[Opening GIVEN RECORDS section]

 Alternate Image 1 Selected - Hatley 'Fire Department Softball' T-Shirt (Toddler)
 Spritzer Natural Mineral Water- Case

[Closing GIVEN RECORDS section]
[Opening GIVEN RECORDS section]

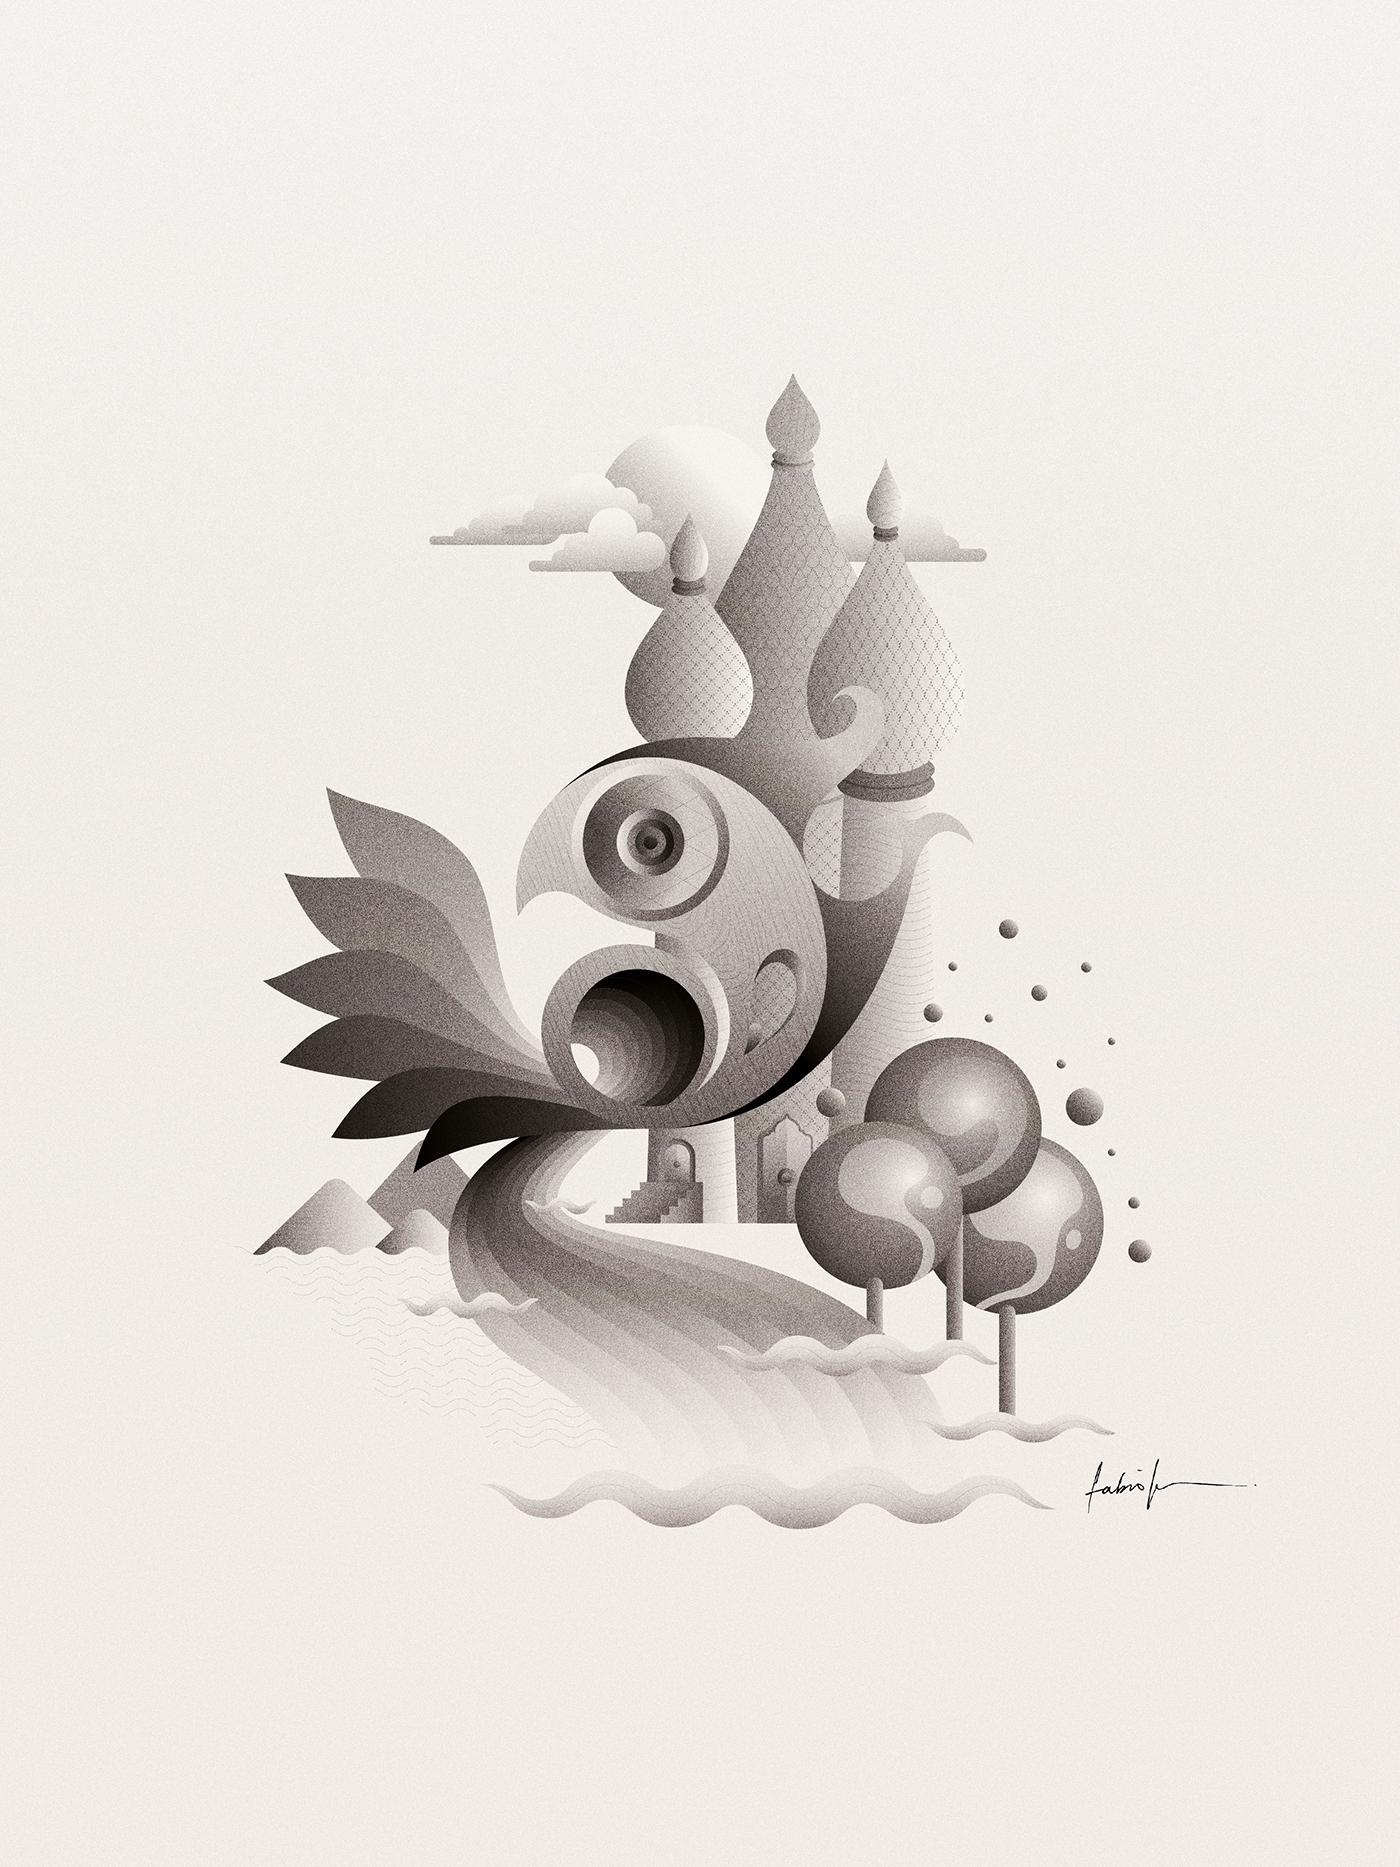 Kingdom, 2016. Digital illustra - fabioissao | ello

[Closing GIVEN RECORDS section]

**WHAT YOU ARE ASKED TO DO:**
In the material above, transcribe exactly the lines beginning at the one with "Alternate Image 1" and ending at the one with "Spritzer Natural Mineral Water- Case", both included.

**RESULT OF THIS TASK:**
 Alternate Image 1 Selected - Hatley 'Fire Department Softball' T-Shirt (Toddler)
 Spritzer Natural Mineral Water- Case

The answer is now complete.